Diese Verfahrensweise ist aber ausnahmsweise dann nicht erforderlich, wenn der zur Aufrechnung gestellte Amtshaftungsanspruch
offensichtlich nicht besteht. Für die Fortsetzungsfeststellungsklage ist allgemein anerkannt, daß das auf einen behaupteten
Amtshaftungsanspruch gestützte berechtigte Interesse im Sinne des §
113 Abs.
1 S. 4
VwGO verneint werden kann, wenn eine Amtshaftungsklage offensichtlich aussichtslos ist. Dieser Rechtsgedanke läßt sich auch auf
den Fall der Aufrechnung mit einem offensichtlich nicht bestehenden Amtshaftungsanspruch übertragen (vgl. VGH Bad.-Württ., Urt. v. 13.12.1989, NVwZ 1990, 684). So liegen, wie oben ausgeführt, die Dinge hier.

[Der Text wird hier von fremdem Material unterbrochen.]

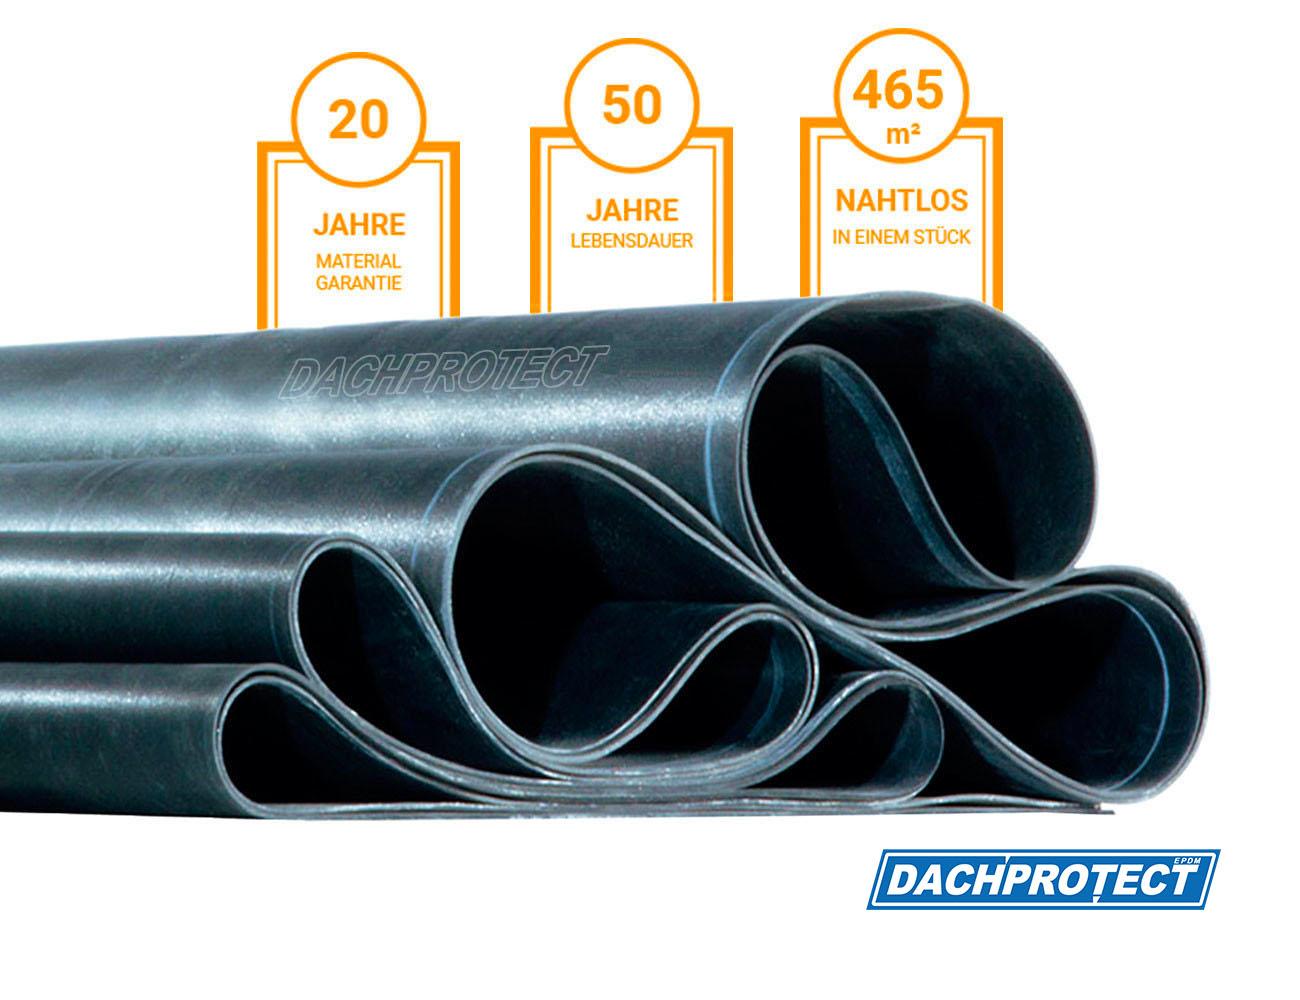 Breite 4,00 m EPDM Dachfolie Material EPDM St/ärke 1,3 mm L/änge 4,50 m

Schließlich greift auch die Einwendung der Klägerin, die Beklagte habe den Rückzahlungsanspruch verwirkt, nicht durch. Verwirkung
tritt nicht schon durch bloßen Zeitablauf ein, wobei die hier zwischen Einlegung des Widerspruchs (25.05.1992) und Erlaß des
Widerspruchsbescheids (05.08.1993) abgelaufenen 14 Monate und 10 Tage schon gar nicht genügen (vgl. dazu Urt. d. Senats v.
13.09.1995 - 6 S 1611/93 -). Es muß vielmehr hinzukommen, daß Tatsachen und Umstände vorhanden sind, die die Annahme des Verpflichteten (der Klägerin)
rechtfertigen, der Berechtigte (die Beklagte) werde von seinem Recht keinen Gebrauch mehr machen. Daran fehlt es offenkundig.
Die Behörde hat in der Zwischenzeit lediglich geschwiegen. Daraus kann die Klägerin nichts zu ihren Gunsten herleiten.